Unfortunately, he became increasingly ill. His sister’s biography includes a remarkable sampling of letters Sutcliffe sent to his mother and sisters and to friends back in Liverpool and elsewhere that reflect on his experiences as a Beatle, his desire to return to the world of art and his deepening love for Kirchherr. As the letters became more disjointed, they reflect a deteriorating spirit and physical condition, the cause of which was not identified despite numerous medical tests and examinations.

Two years after Stuart Sutcliffe’s death, there was a memorial exhibition of his work at Liverpool’s Walker Art Gallery, and three years later it was included in an exhibition at London’s Institute of Contemporary Arts.

By then his mother, Millie Sutcliffe, had begun a crusade for increased public recognition of his art that lasted until her death in 1983. These days that responsibility has fallen to sister Pauline, who acted as art adviser to “Backbeat.”
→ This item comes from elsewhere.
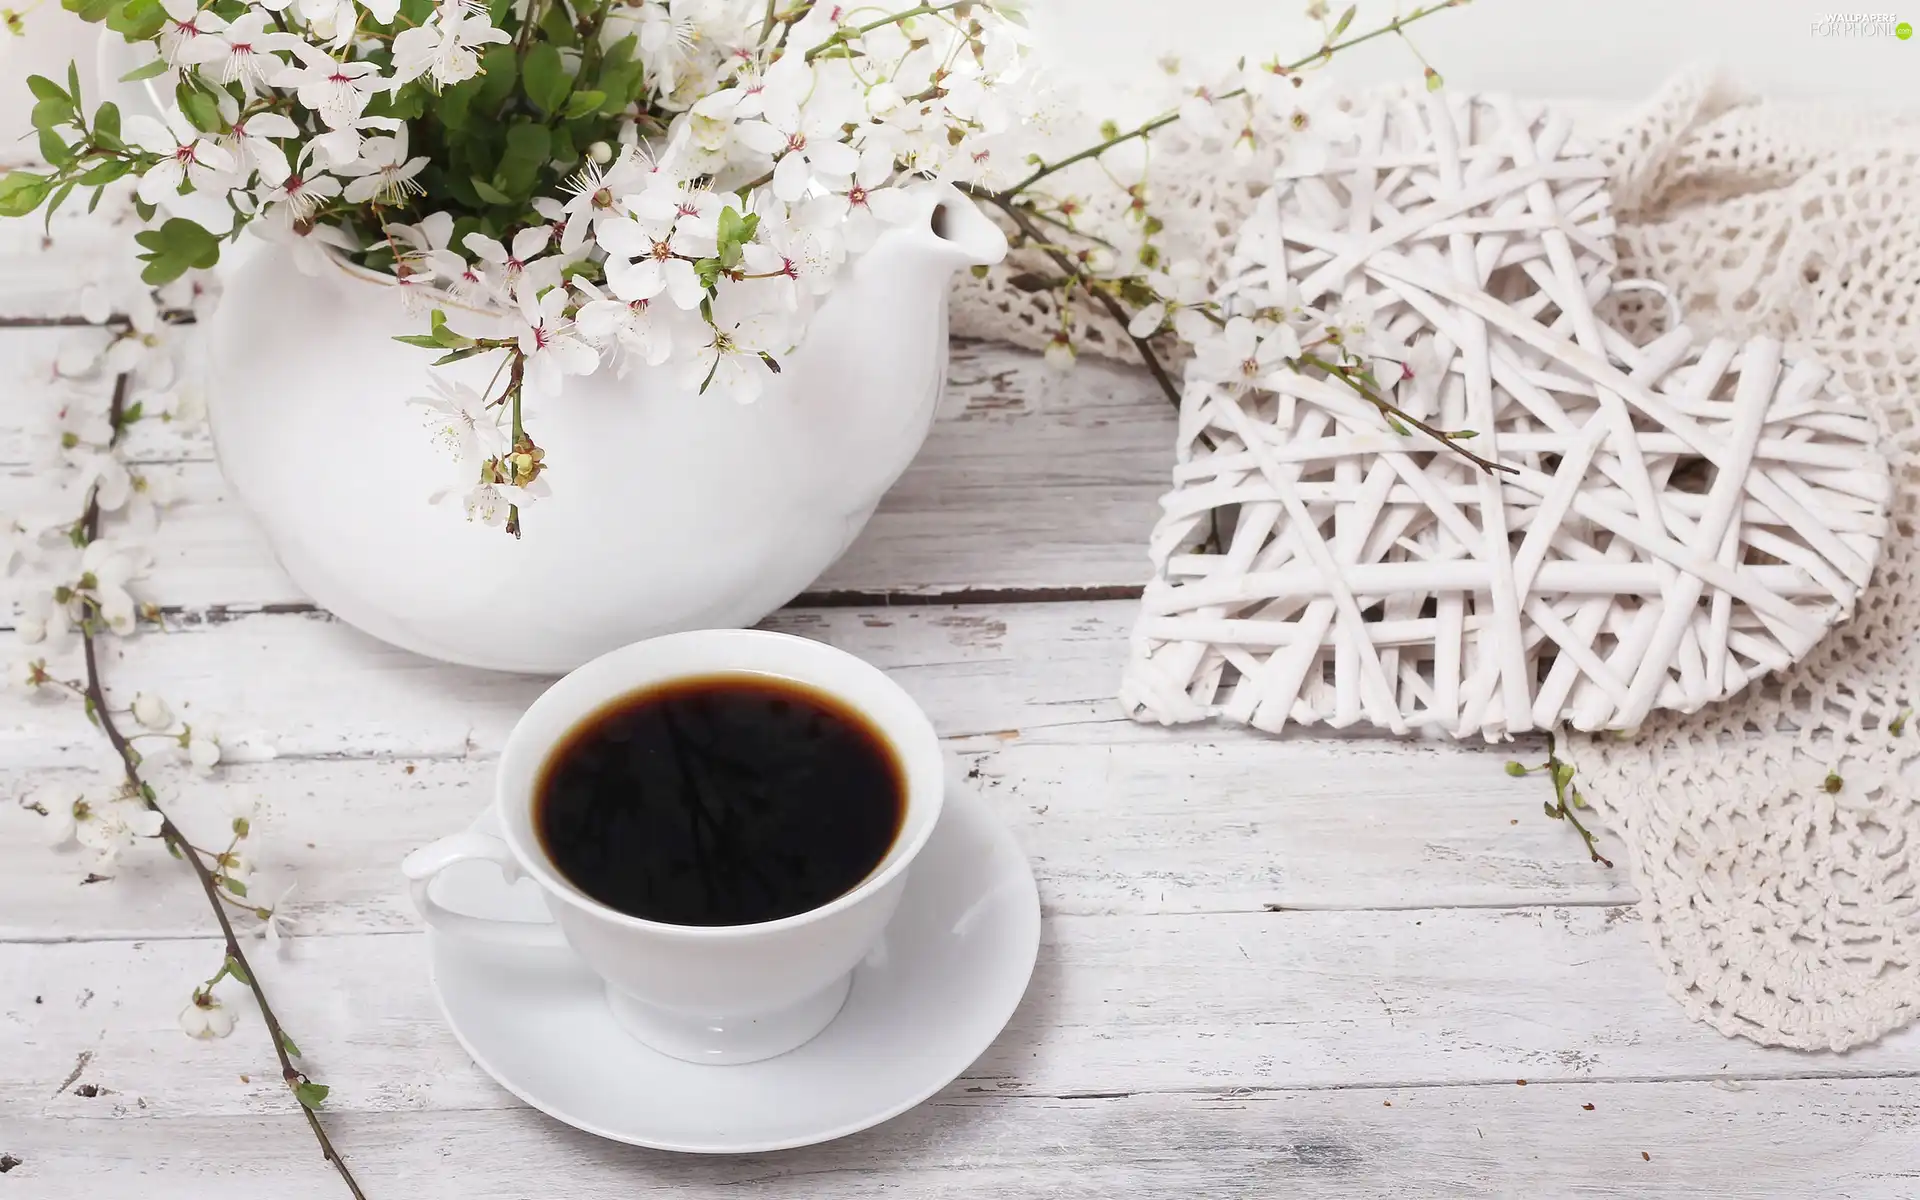 Vase, Flowers, black, coffee, cup

“I certainly don’t do it with the same intensity as Mother did, because I am a professional working woman,” says Sutcliffe, a family psychotherapist. Her mother was “stimulated in her quest by the very keen interest of John Willet, the director of the Walker Art Gallery, who did pronounce the work certainly of significance and ability.

“…That gave her the impetus to believe beyond simply a mother’s adoration for her boy.”